По мере того, как я оправлялся от шока, вызванного
провалом попытки нашего спасения через Польшу, и смирялся
с мыслью, что нам, вероятно, еще долгие годы придется
провести в Советском Союзе, я начинал вспоминать и о
своей совсем заброшенной научной работе. Я стал подумывать
о новой диссертации, взамен прежней, принесенной в жертву
идее отъезда. Кто-то из друзей сказал мне, что в Институте
физики Латвийской Академии наук начали развивать новое
направление — магнитную гидродинамику. Этот термин был
совершенно новым для меня, но поскольку он включал также
слово гидродинамика, было вполне вероятно, что я могу
найти себе применение в этой области. Когда я пошел
в библиотеку, чтобы выяснить, что такое магнитная гидродинамика,
оказалось, что даже в больших энциклопедических словарях
этот термин еще не значится. Все же я выяснил, в конце
концов, что магнитная гидродинамика — это учение о движении
электропроводящих жидкостей в присутствии магнитных
полей, что это учение базируется на двух классических
науках — гидродинамике и электродинамике и что его приложениями
являются астрофизика, геофизика, техника измерений,
а в перспективе — металлургия и производство электроэнергии.

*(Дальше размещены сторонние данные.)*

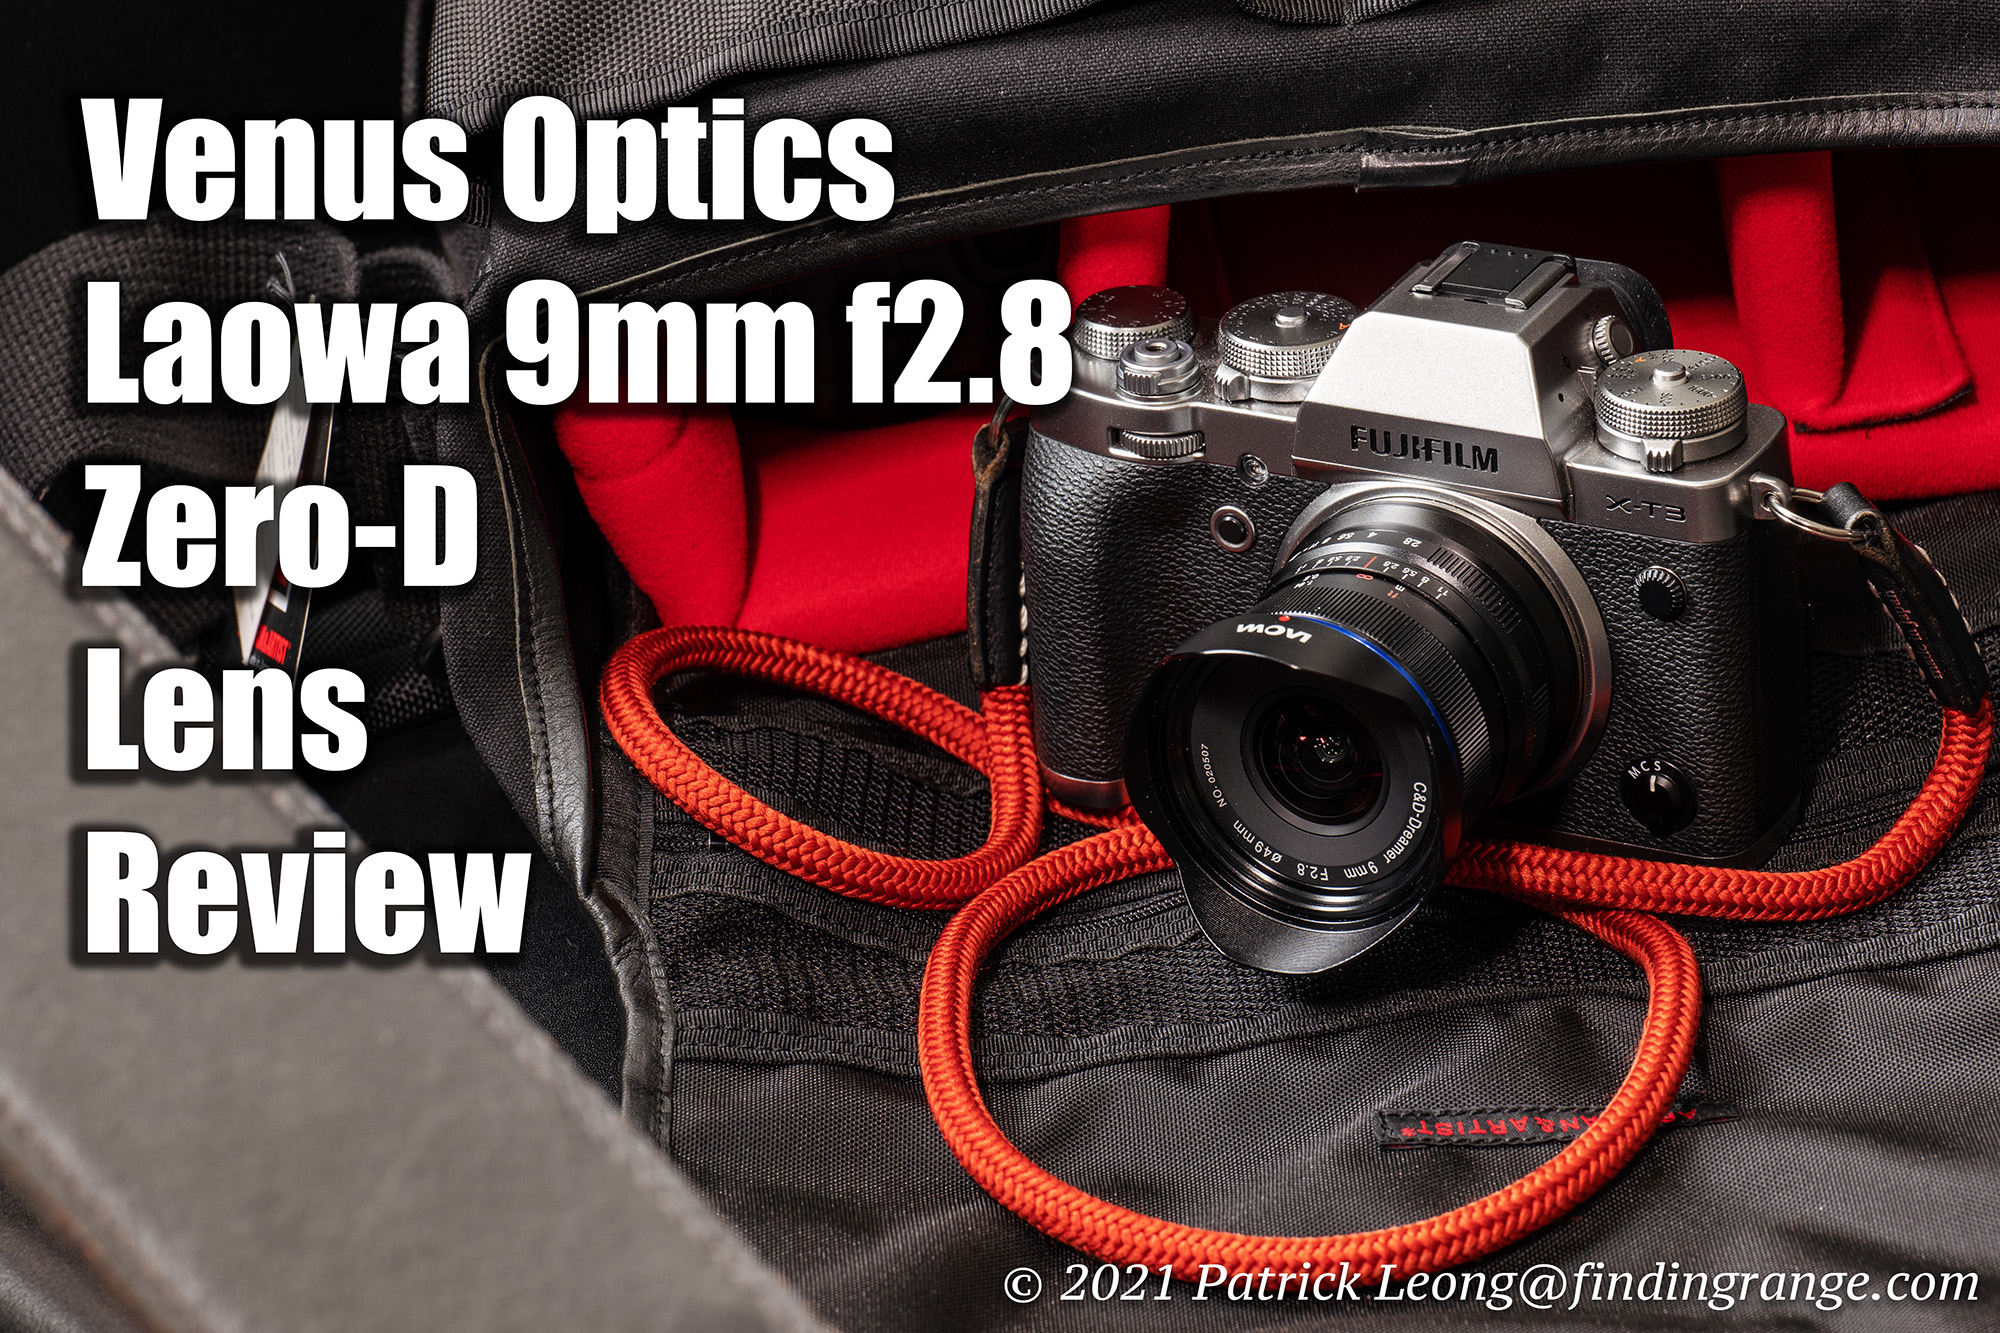 Venus Optics Laowa 9mm f2.8 Zero-D Lens Review - Finding Range

Я пошел в Институт физики, рассказал о своем прошлом
опыте в измерении скоростей течения и турбулентных пульсаций,
и, к моему огромному удивлению, руководитель одной из
лабораторий и директор Института буквально ухватились
за меня. Я был уверен, что из-за запятнанной биографии
меня не возьмут на работу в Академию, и поэтому сказал,
что в настоящее время не могу порвать с техникумом,
но согласен работать в Институте физики по совместительству,
на полставки. На том и порешили.
Как новая отрасль науки магнитная электродинамика была
полна совсем еще неизведанных проблем и предоставляла
широкие просторы для инициативы исследователя. Приступая
к работе, я никак не ожидал, что уже через несколько
месяцев мои эксперименты принесут столь обильные результаты.
За какой-нибудь год я опубликовал больше десятка статей,
читал доклады на нескольких конференциях.
В самом начале 1962 года я защитил в Московском авиационном
институте диссертацию по турбулентным магнито-гидродинамическим
течениям. Я все больше времени проводил в стенах Академии,
а среди моих знакомых становилось все больше представителей
научного мира не только Риги, но и Москвы и Ленинграда.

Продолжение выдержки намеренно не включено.